Big Machine does offer a solution to unintentionally plugging into scripts, however. Immediately after Ricky remarks how he relies on what the Washerwomen taught him, he notes, “Doubt grinds up my delusions. It makes me humble. And that’s a gift.” This reminds readers to never be too certain about the information they are taking in, subscribing to, and disseminating. Their memories can be faulty. Doubting the environment around us, the institutions we interact with, and memories helps prevent unintentionally “plugging into sockets.”
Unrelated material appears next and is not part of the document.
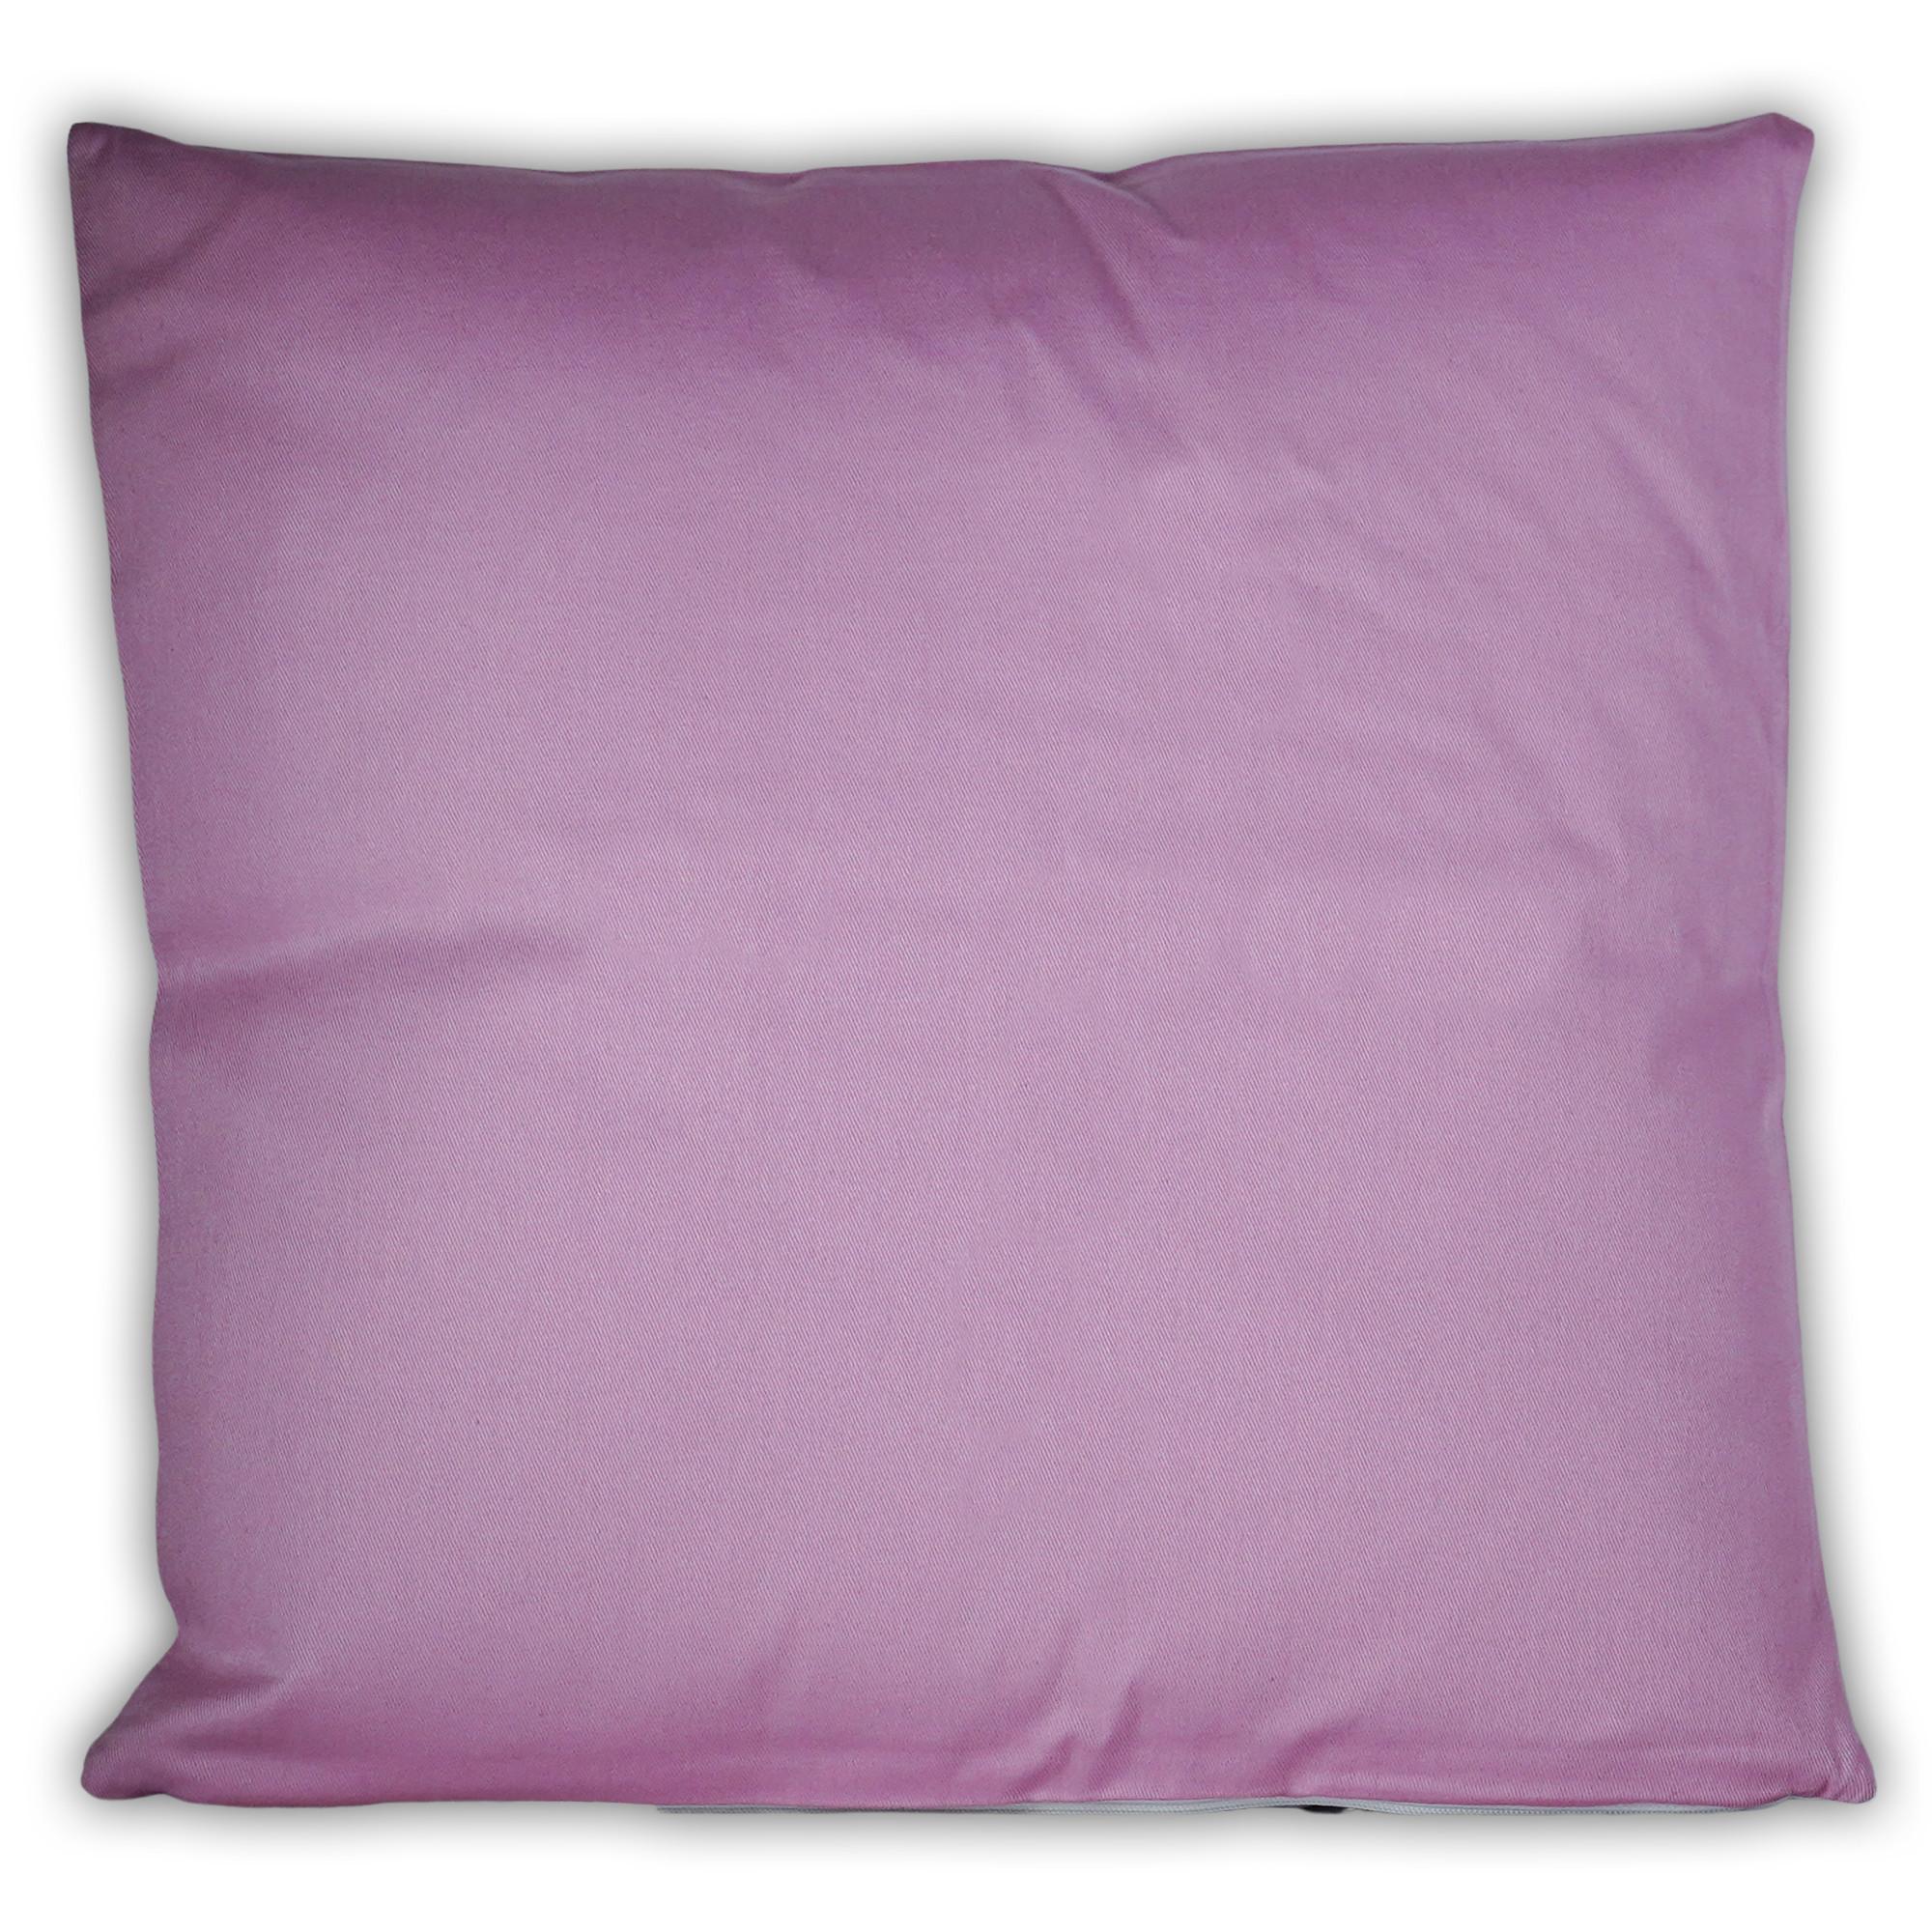 Fotokissen quadratisch zweifarbig rosa

When people consider where the information they have comes from, it allows for careful consideration as to whether or not it should be spread. Perhaps a certain phrase someone uses daily actually has a bigoted history they never thought of before. With this new perspective, this phrase and its offensive context can be replaced with better, more inclusive language. This takes some humility, as LaValle notes, but the gift in that humility is that people earn more agency and independence through their awareness. The institutions who attempt to write people’s “scripts” for them lose power when those people decide to write their own scripts. Relying on memory simply because it’s easier or instinctive is what institutions want. People need to doubt their memories and the information contained within them.